SB 58: In the fall of 1994, Alex Pappas, a Congress Park businessman, applied for a liquor license for what he hoped would be a carry-out liquor store on 12th Avenue between Elizabeth and Clayton streets. Because of strong neighborhood opposition, his application was defeated.
State law prevents an applicant from reapplying for a liquor license at the same location for two years. So three months after being turned down, Pappas applied for a new license at a new location--approximately fifteen inches from the first address. Refused again, he filed a third time by making up a new address for the same location.
All of this made his neighbors--one of whom happens to be Senator Pat Pascoe--plenty angry. Soon after, Pascoe introduced SB 58, which would prevent a liquor-license applicant from reapplying within 500 feet of his previous application's location. It was signed into law by Governor Roy Romer on April 8.

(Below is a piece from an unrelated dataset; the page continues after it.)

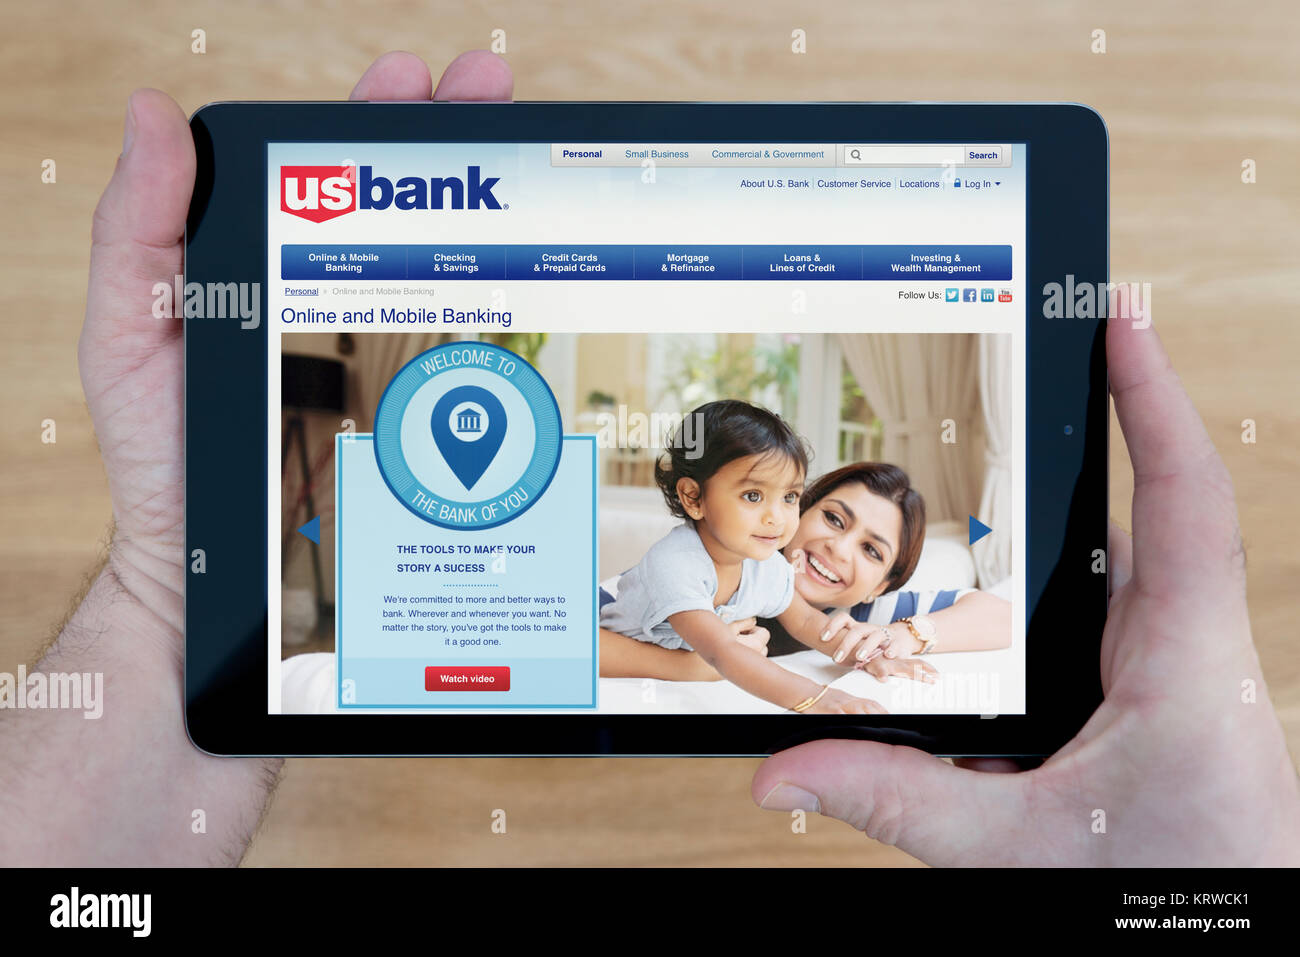 Un homme regarde le site web de banque US sur son iPad tablet device, tourné contre une table en bois page contexte (usage éditorial uniquement) Banque D'Images

HB 1344: Last year then-president of the University of Colorado Judith Albino received a well-publicized separation agreement: If she signed off on a divorce from CU, the regents would give her $500,000 worth of cash and prizes. That miffed Representative Jeanne Faatz, a Denver Republican and author of the 1993 Postemployment Compensation Act, which prevented state workers from enjoying golden parachutes--and which Albino's deal neatly skirted.
This time around, Faatz introduced HB 1344. The proposed law doesn't mention Albino, of course. But it requires any future goodbye deals to go through a review by the governor. And it specifically allows the president of the University of Colorado to be canned for any reason. That bill is currently on Romer's desk awaiting his signature.

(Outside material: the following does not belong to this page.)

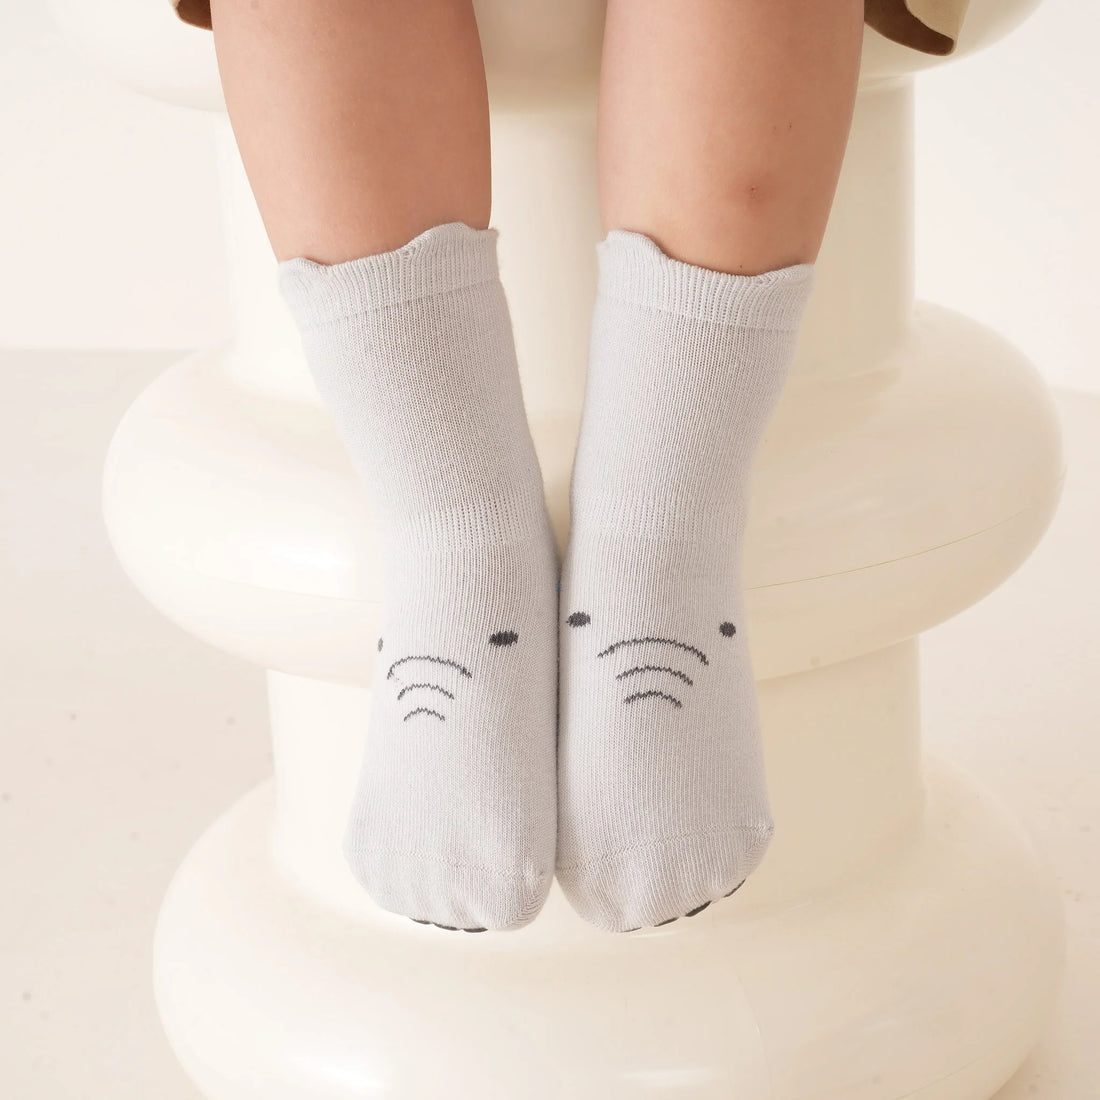 Are waterproof socks machine washable?

HB 1362 et al.: The delicious Envirotest spat really deserves a category of its own. But it most closely fits under the "Payback" heading, simply because revenge and blackmail seem to be the fuel powering these legislative vehicles.
The current mess started back in January 1995, when Envirotest began its state-sanctioned monopoly on emissions testing. Supporters claim the deal has cut air pollution in the metro area. Yet the company also has logged numerous complaints about everything from wildly inaccurate results to surly employees.
Mindful of the resentment, Senator Bill Schroeder and Representative Eric Prinzler introduced HB 1362, which would have given Envirotest some competition from other tailpipe-emissions testers. The bill was killed in mid-April--which, for all intents and purposes, marked the beginning of the real fight.
Add to the legislative attack on Envirotest an ongoing effort by small-garage owners to place an initiative on the ballot that would permit them to home back in on the emissions-testing business, and Envirotest was ready to fight back. So it suggested several of its own pieces of legislation.